SPRZĘT / kulowa głowica fotograficzna marki Xiletu model XG-25 / strona 2/3

Kula głowicy jest ścięta od dołu i wydrążona w środku co ponownie sprzyja zmniejszeniu wagi całości, równocześnie nie wpływając negatywnie na jej trwałość. Stanowi ona jednorodny element z wyprowadzoną w górę kolumną. Tu powracamy do różnicy w budowie która rzuciła mi się w oczy jako pierwsza pomiędzy omawianą głowicą Xiletu XG-25, a jej poprzedniczką Andoer D25-C. Rzeczowa kolumna łącząca kulę z podstawą płytki szybkozłączki została wyraźnie obniżona w stosunku do wymiarów tej ostatniej. W recenzowanym modelu XG-25 wynosi ona wraz z kołnierzem dla śruby mocującej 10 mm, wobec 18 mm głowicy Andoer D25-C. Czyni to głowicę nie tylko bardziej kompaktową, zwartą, ale obniża środek ciężkości, oraz zmniejsza obciążenie dynamiczne przenoszone przez kolumnę na kulę podczas pracy w pochyleniu. Skraca też skok umożliwiając szybsze i wygodniejsze operowanie kątem pochylenia zamontowanego na głowicy aparatu. To kolejny już plus dla marki Xiletu.

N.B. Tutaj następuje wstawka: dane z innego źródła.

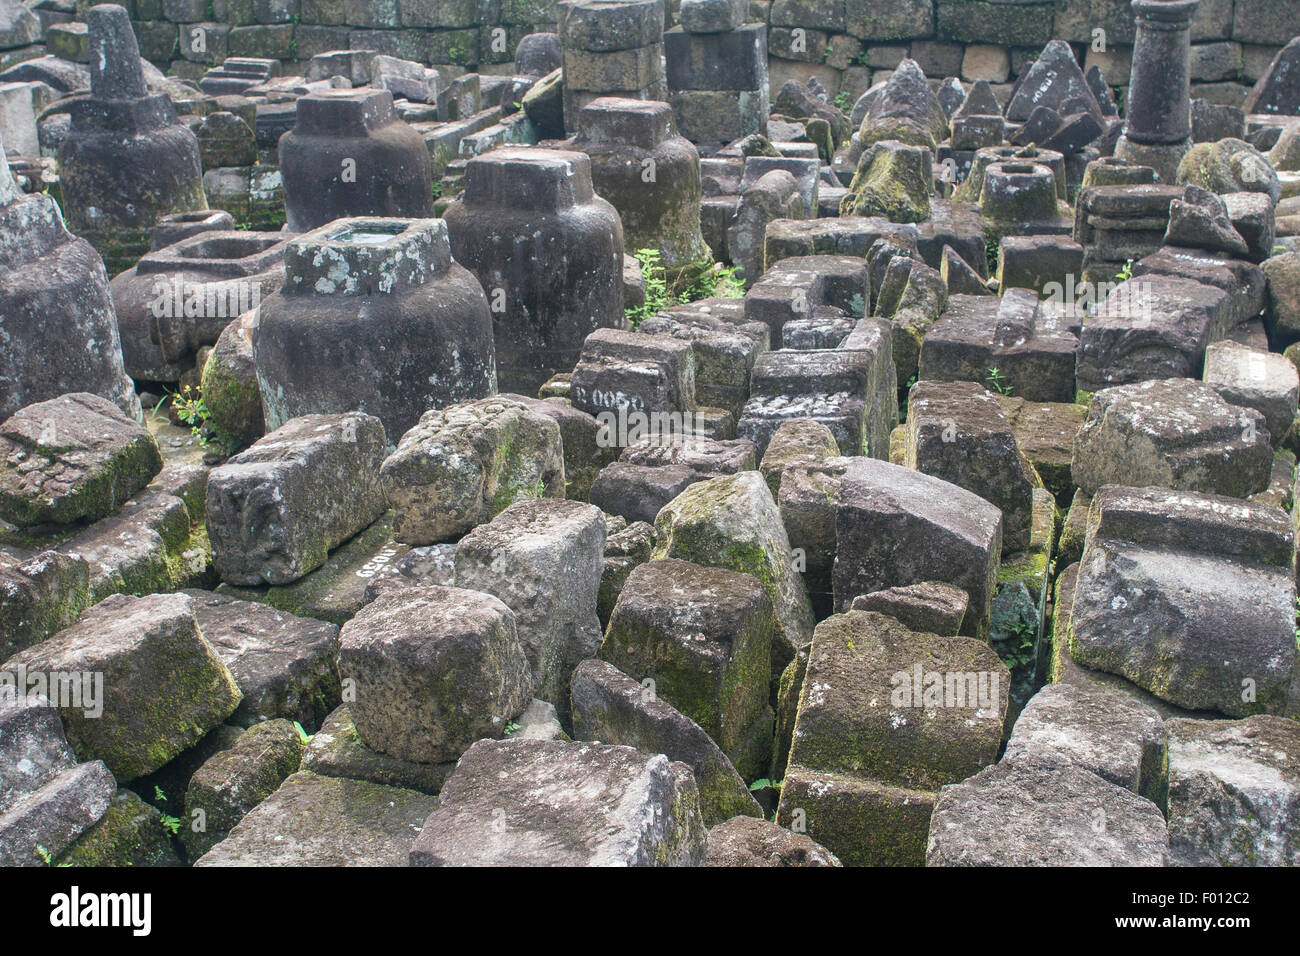 Jumble of stone blocks at the 9th-century Buddhist temple, Candi Mendut, of Java, Indonesia. - Stock Image

Model wyposażono w kulę o średnicy 25 mm, wykonaną w całości z aluminium. Kula jest ścięta od dołu i wydrążona w środku co ponownie sprzyja zmniejszeniu wagi całości, równocześnie nie wpływając negatywnie na jej trwałość. Stanowi ona jednorodny element z wyprowadzoną w górę kolumną. Kula spoczywa w łożu wyścielanym profilowana wkładką z odpornego tworzywa, którego powierzchnia przypomina teflon.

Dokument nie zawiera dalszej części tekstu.